20180825_084319 Leaf 1b small

From time to time the HV Morton blog has featured articles of general literary interest, not necessarily directly connected with Morton himself. There follows one such piece from high-flying, motorbike riding, whiskey drinking, international photo journalist Jim Leggett, a long-standing member of the HV Morton Society formerly of Glasgow (a Scottish city to the west of Edinburgh), now resident in the US of A!

In all seriousness, we are privileged to have this contribution from such an experienced and accomplished journalist on a fascinating, little known subject.

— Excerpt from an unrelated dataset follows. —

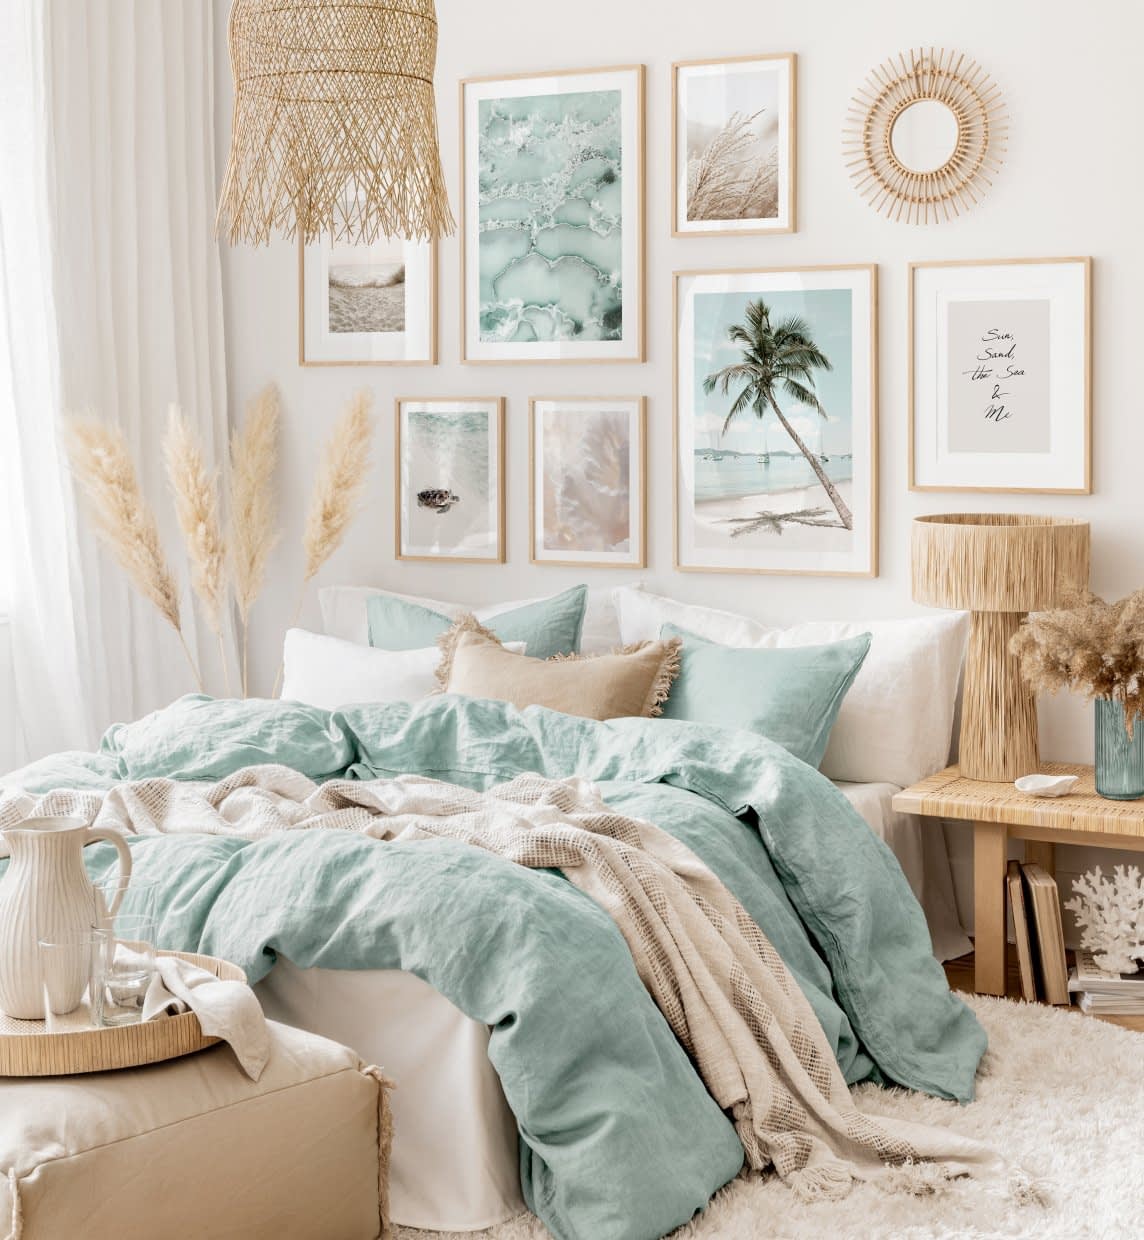 20 Gorgeous Boho Bedroom Ideas to Try - Emily May

Niall Taylor, Glastonbury, Somerset, England.

§

20180825_100130 Landmark booksellers, Frankfort TN small

I was in the remarkable old Tennessee town of Franklin covering the Southern Whiskey Society annual event. During my explorations I discovered this historic building, a survivor of the historic Battle of Franklin, one of the most decisive in Civil War history, more details of which are covered on an adjacent plaque:

Old Factory Store

In 1799 Franklin founder Abram Maury sold lot 20 to Joseph McBride. By 1825 Dyer Pearl, Thomas Parkes and Joseph L Campbell operated a steam powered cotton and grist mill on East Margin and owned lot 20 upon which was built a brick store in the Greek revival style, complete with 4 distinctive Doric columns supporting a Grecian pediment. Other antebellum owners included Anderson and Baldwin (1833), Plunkett & Parkes (1843). On December 12 1862 U.S. Brig. Gen. David Stanley ordered the machinery at the factory and the stones of the grist mill destroyed but he spared the factory store after taking four wagon loads of flour and a wagon full of whiskey.

Williamson County Historical Society 2005

I was delighted when bookseller Joel Tomlin introduced me to the magic of gold leaf hidden images, not the least of which are said to have been of erotic subject matter in some ancient volumes! You can find detailed history on the art, legend, and prolific usage of fore-edge painting on the internet, so I will not try to explain better than you will find there.

 

20180825_064307 Landmark Booksellers Frankfort TN small

One can imagine relaxing, secluded in this comfortable chair, a glass of Tennessee whiskey in hand, with unlimited time to pursue literary inspiration among the vast collection of mostly Southern history books Joel Tomlin has accumulated in this modern-day Old Curiosity Shop. I even pulled out three volumes entitled “Old and New Edinburgh”, 1863, by James Grant of which I possess numbers two and three, volume one having been presented to acquaintance Sean Connery, who has it at his Bahamian home!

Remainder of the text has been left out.